In front of the loopholed wall, about the middle of the great breach, stood the tower of Los Hornos, still capable of some defence, and beneath it a mine was charged with twelve hundred weight of powder. The streets were all trenched and furnished with traverses to cover a retreat to Monte Orgullo; and before the main breach could be even reached a lodgement was to be effected in the horn-work; or, as in the former assault, the advance made under a flanking fire of musketry for two hundred yards, the first step being close to the sea wall at a salient angle, where two mines charged with eight hundred pounds of powder were prepared to overwhelm the advancing columns. To support this system of retrenchments and mines there was still one sixteen-pounder at St. Elmo, flanking the left of the breaches on the river face; a twelve and an eight-pounder in the casemates of the cavalier, to sweep the land face of St. John; many guns from the Monte Orgullo, also especially those at the Mirador, could play on the advancing columns, and there was a four-pounder hidden on the horn-work to open during the assault. Neither the resolution of the governor nor the courage of the garrison was abated, but the overwhelming fire had reduced the fighting men, and Rey, who had only two hundred and fifty in reserve, demanded of Soult whether his brave garrison should be exposed to another assault. “The army would endeavour to succour him,” was the reply, and he abided his fate.

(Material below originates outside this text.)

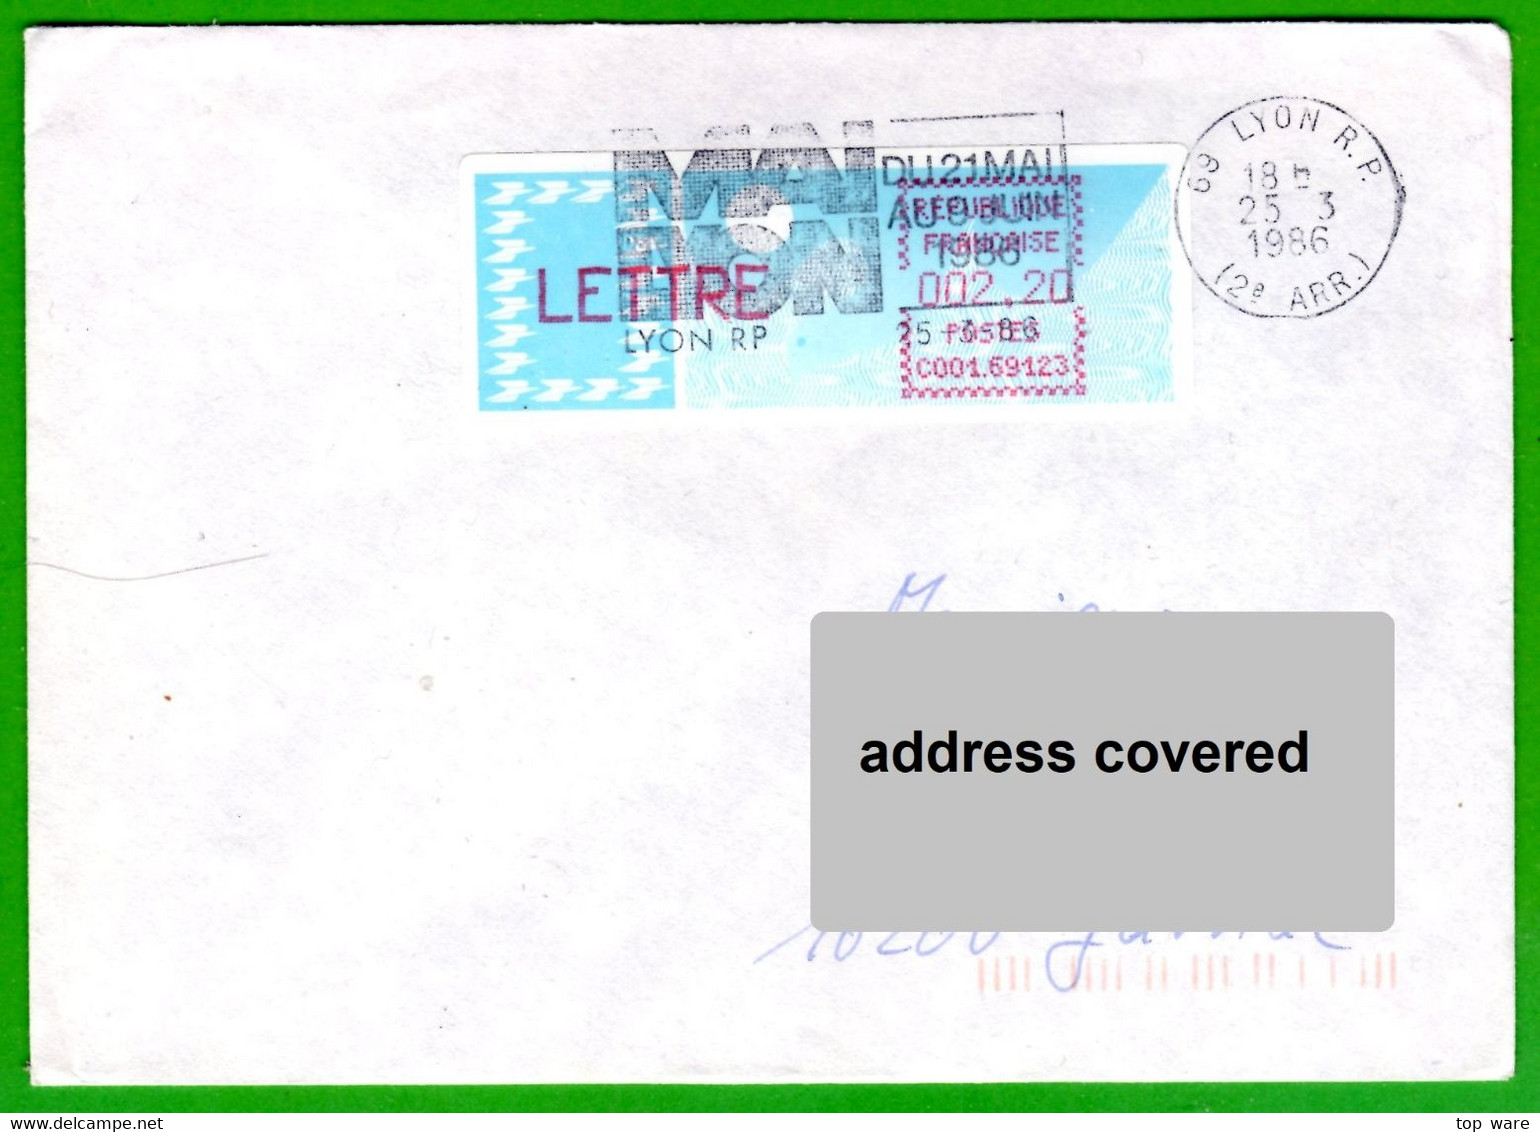 France LSA ATM Stamps C001.69123 / Michel 6.4 Zd / LETTRE 2,20 On Cover 25.3.86 Lyon RP / Distributeurs Automatenmarken - 1985 « Carrier » Papier

This assault, before the defences were ruined, was obviously a repetition of the former fatal error; and the same generals who had before publicly disapproved of the operations now more freely dealt out censures, which, not ill-founded, were most ill-timed, because doubts descend from the commanders to the soldiers. Lord Wellington thought the fifth division had been thus discouraged, and incensed at the cause, demanded fifty volunteers from each of the fifteen regiments composing the first, fourth, and light divisions, “men who could show other troops how to mount a breach.” That was the phrase employed, and seven hundred and fifty gallant soldiers instantly marched to San Sebastian in answer to the appeal. Colonel Cooke and Major Robertson led the Guards and Germans of the first division; Major Rose commanded the men of the fourth division; Colonel Hunt, an officer who had already won his promotion at former assaults, led the fierce rugged veterans of the light division, yet there were good officers and brave soldiers in the fifth division.

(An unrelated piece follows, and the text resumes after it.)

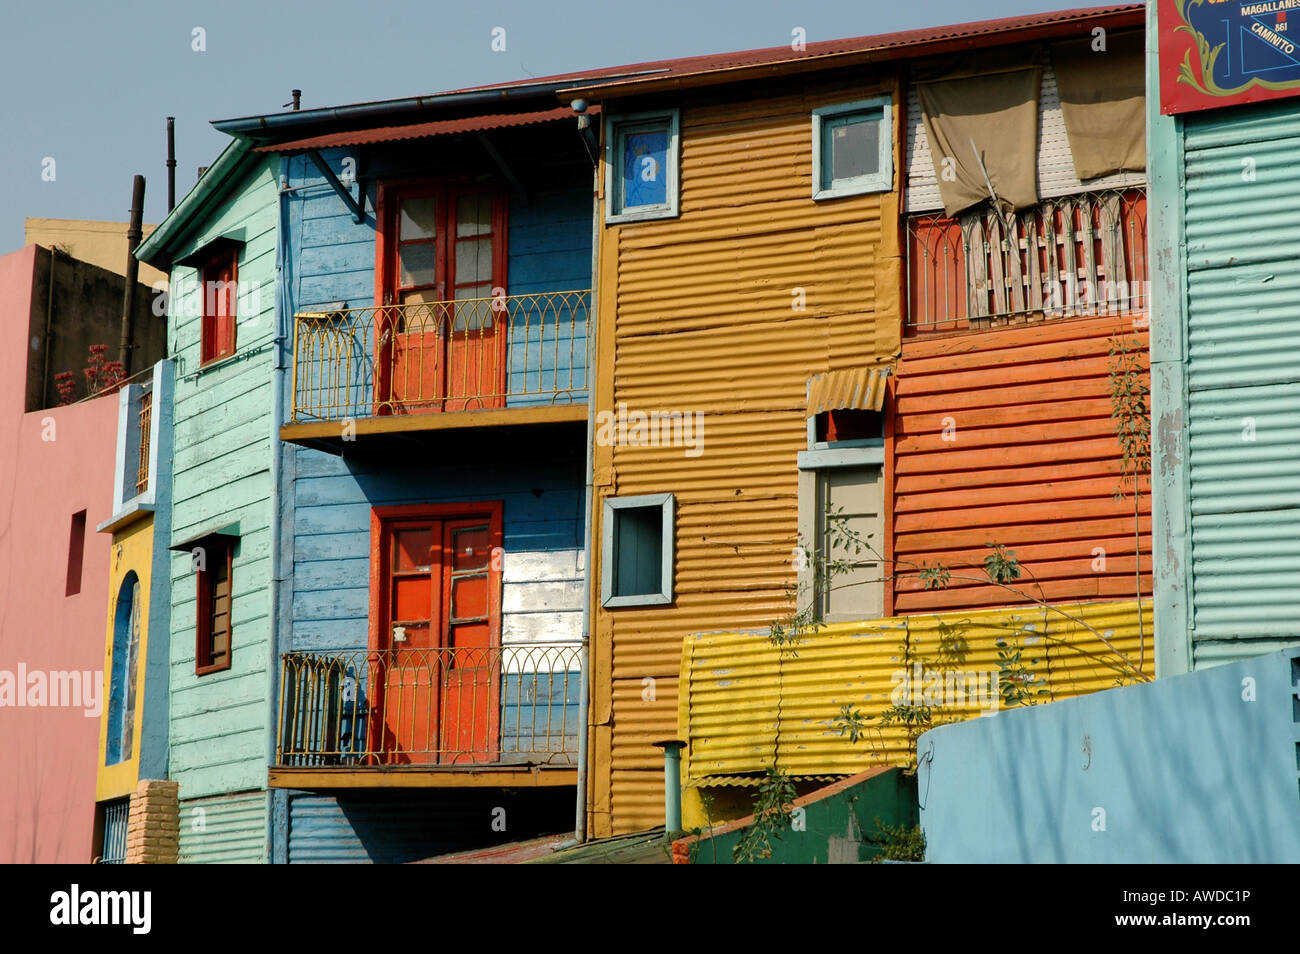 Coloured facade at Caminito, La Boca, Buenos Aires, Argentina Stock Photo

At first a simple lodgement on the great breach was designed, and the volunteers and one brigade of the fifth division only were to be employed; but in a council held at night, the engineer Smith maintained that the orders were misunderstood, as no lodgement could be formed unless the high curtain was gained; General Oswald was of the same opinion; wherefore the remainder of the fifth division was brought to the trenches, and General Bradford, having offered the services of his Portuguese brigade, had a discretion to ford the Urumea from the Chofres and assail the farthest breach.

General Leith, commanding the fifth division, directed the attack from the isthmus, and being offended at the arrival of the volunteers would not suffer them to lead the assault; some he spread along the trenches to keep down the fire of the horn-work, the remainder he kept in reserve with Hay’s British and Sprye’s Portuguese brigades. Robinson’s brigade was to assault in two columns, one at the old breach between the towers, the other at St. John and the end of the high curtain. The small breach was left for Bradford, and some large boats filled with troops were to menace the back of Monte Orgullo from the ocean: Graham overlooked all the operations from the Chofres.